A project has started from Singapore that could soon facilitate the work of all the librarians in the world, or almost all: some researchers from A Star Research have built the prototype of a robot (AuRoSS) that wanders around the library shelves at night – the principle is that of the robot vacuum cleaner, so to speak – and which, by scanning the RFID (Radio Frequency Identification) code containing all the information on each volume, is able to find misplaced books . The man, still necessary, will only have to view the data the following morning and do the reorganization.

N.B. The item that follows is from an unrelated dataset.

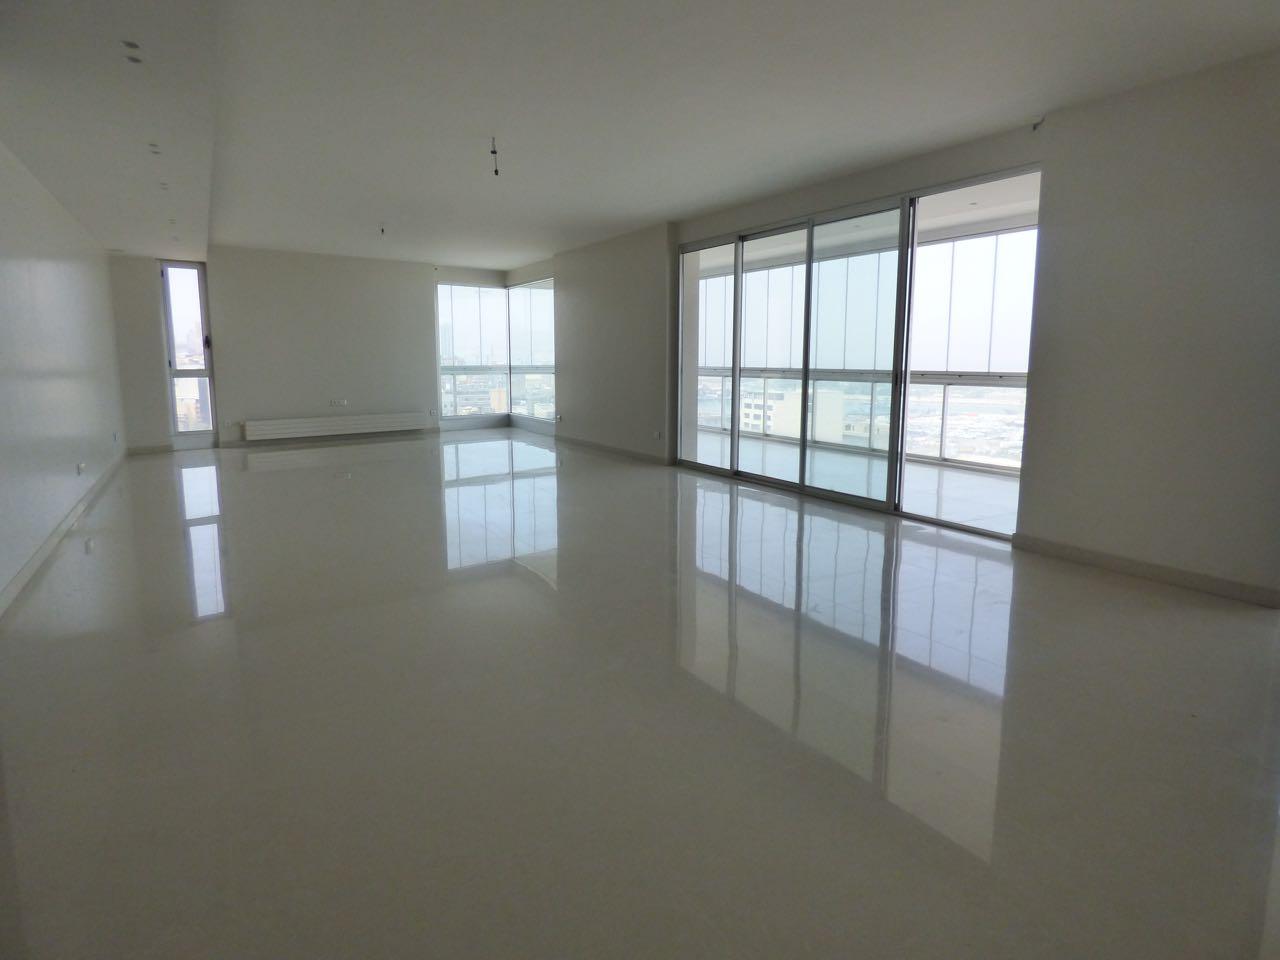 P1020761 - Apartment for rent- Gemmayzeh – Achrafieh – Beirut – Lebanon

Among the risks of AuRoSS is the possibility that it will hit the shelves, causing everything to collapse: “if the robot is too far away the RFID signal will be lost, if it gets too close the antenna will hit the shelf” explains Renjun Li, one of the researchers. To overcome the problem they decided to “detect the surfaces of each shelf and use them as a guide to plan the routes”. AuRoSS has been tested in some libraries in Singapore achieving 99% movement and analysis accuracy.

An idea so simple that it appears banal, but which should reduce the margin of human error to a minimum, even if no technology can prevent the distracted librarian from misplacing a book.